The fluorescence titration plot of (2,7-aza)Trp-Baa (red), (7-aza)Trp-Baa (blue) and Baa (black) upon addition of CaM. The relative dissociation constant (kd) was deduced to be 45 pM for (2,7-aza)Trp-Baa, 109 pM for (7-aza)Trp-Baa and 210 pM for Baa upon binding CaM.

Conclusions

In summary, we demonstrated the strategy of combining (7-aza)Trp and (2,7-aza)Trp to probe peptide-protein interactions, in which (7-aza)Trp is able to probe the polarity changes whereas (2,7-aza)Trp is sensitive to the water environment in both steady state emission and the corresponding relaxation dynamics. We applied peptides (7-aza)Trp-Baa and (2,7-aza)Trp-Baa, in which Trp in Baa was replaced with the corresponding unnatural Trp analogue, to study the Baa/CaM binding process. The collective experimental results clearly indicate that the Baa/CaM ((7-aza)Trp-Baa/CaM and (2,7-aza)Trp-Baa/CaM) complexation removes the interface water molecules, leading to a less polar and water scant, i.e. more hydrophobic environment surrounding Trp. The CaM binding affinity for the peptides followed the trend Baa/CaM<(7-aza)Trp-Baa/CaM<(2,7-aza)Trp-Baa/CaM, which correlates well with the number of nitrogen atoms added in the indole moiety.
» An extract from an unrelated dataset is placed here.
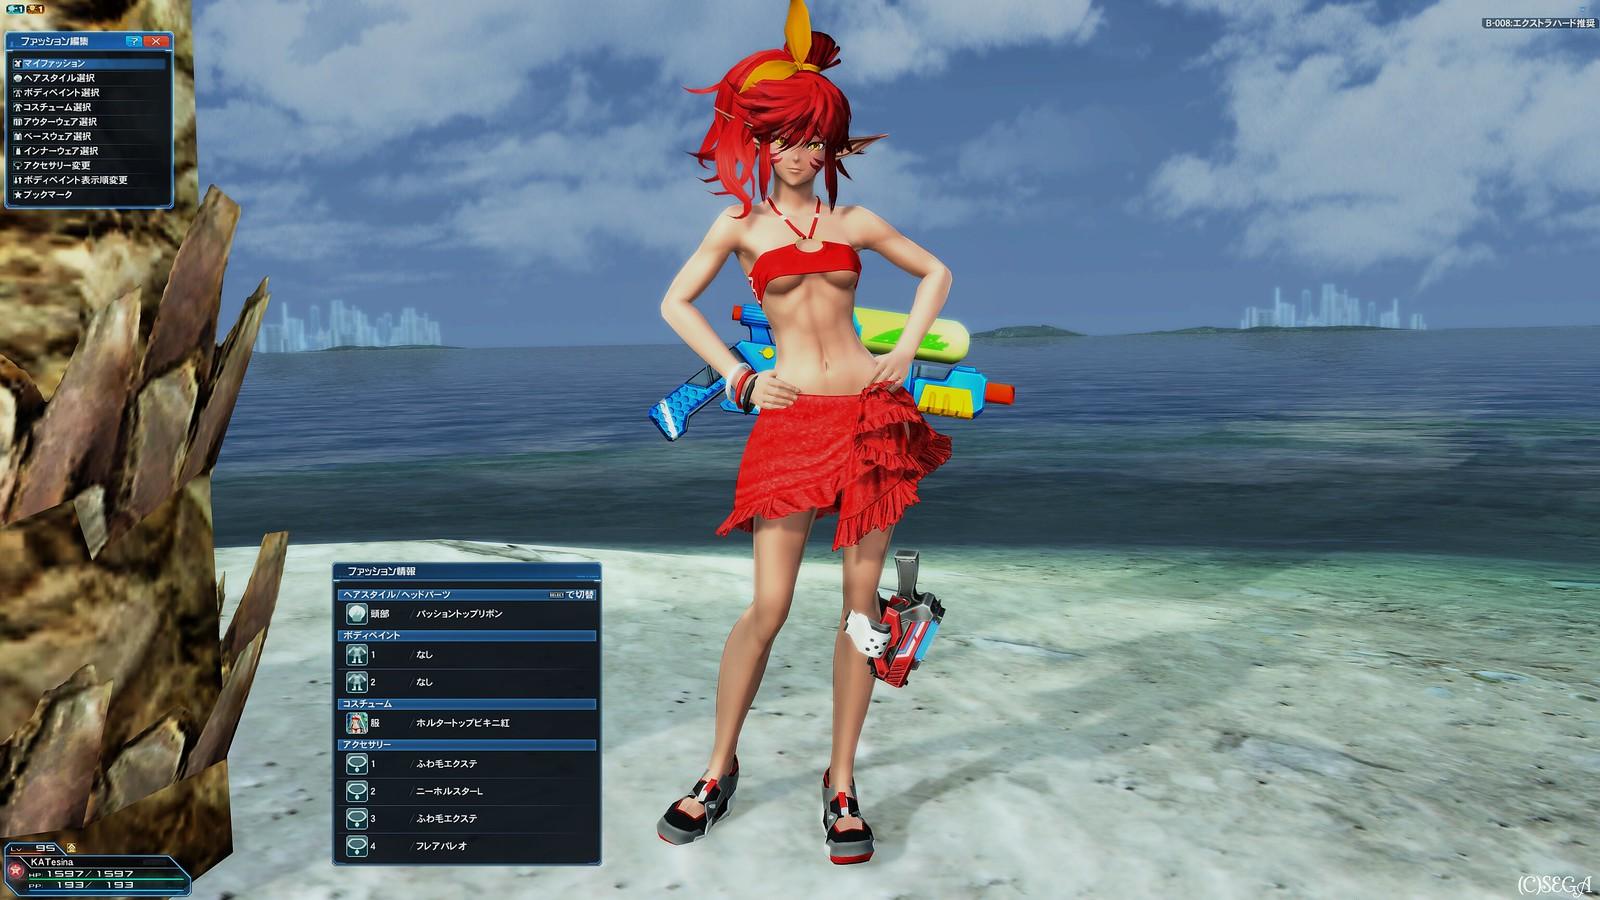 Phantasy Star Online 2 Screenshot 2020.07.26 - 11.26.51.86
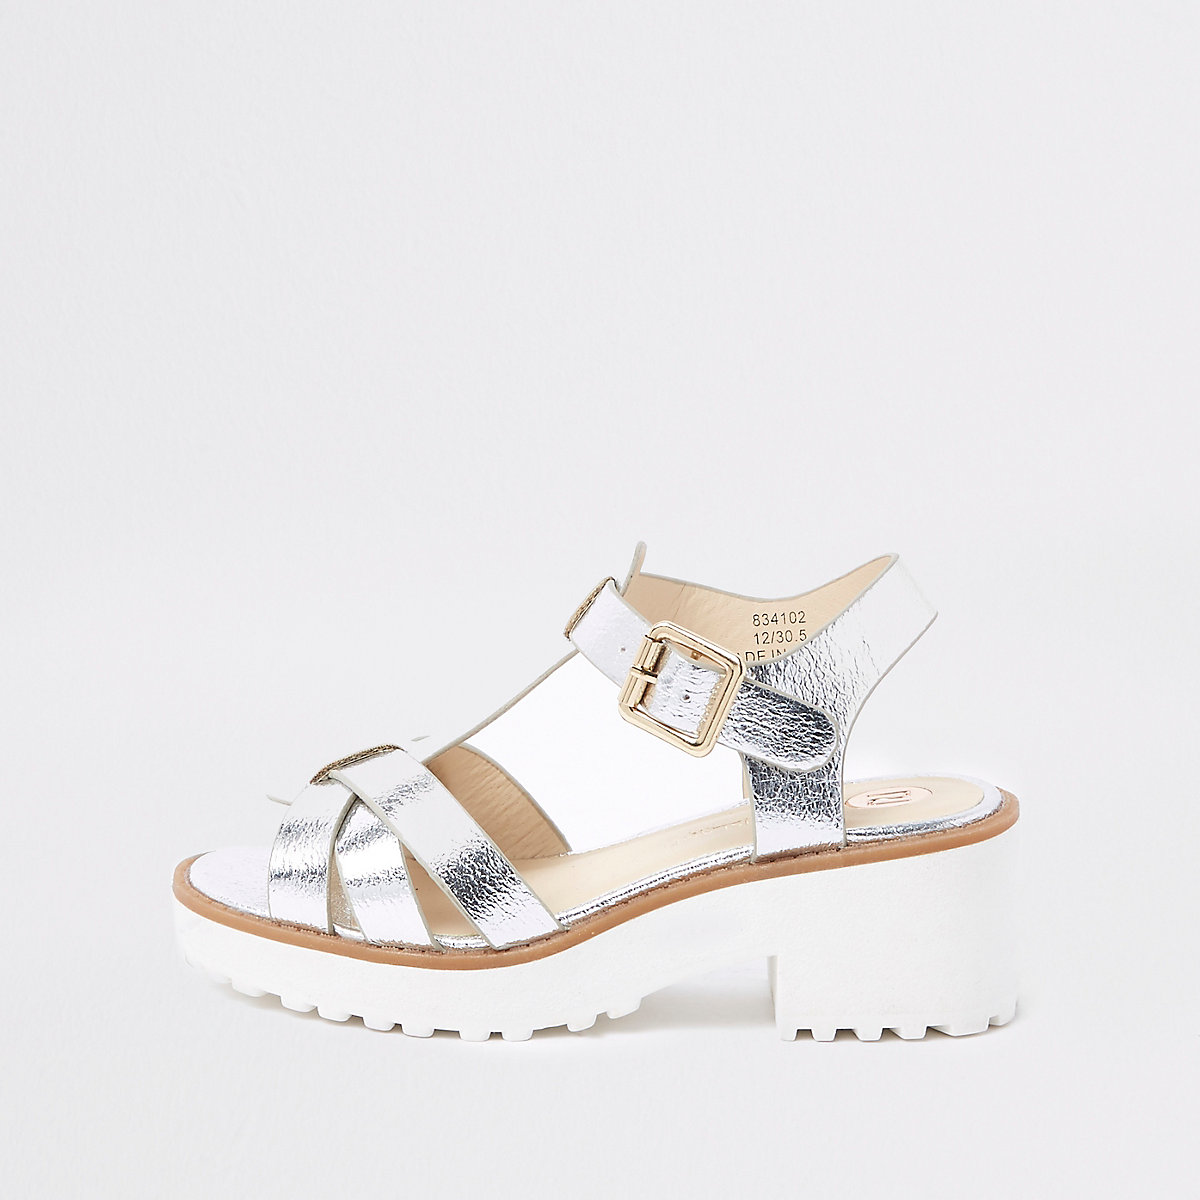 Girls silver metallic clumpy sandals

Since the size and conformation are expected to be similar among Baa/CaM, (7-aza)Trp-Baa and (2,7-aza)Trp-Baa, the result may imply additional hydrogen bonding through N(7) or N(2) nitrogen atoms, or both, showing the role of Trp involved in the Baa/CaM interaction. These results demonstrate that (7-aza)Trp and (2,7-aza)Trp are complementary and serve as excellent probes for exploring the environment at the interface of protein-peptide interactions, which may prove to be valuable upon extending to protein-protein interaction. Also, it may be useful tools in the design of new peptides focusing on the development of bio-drugs.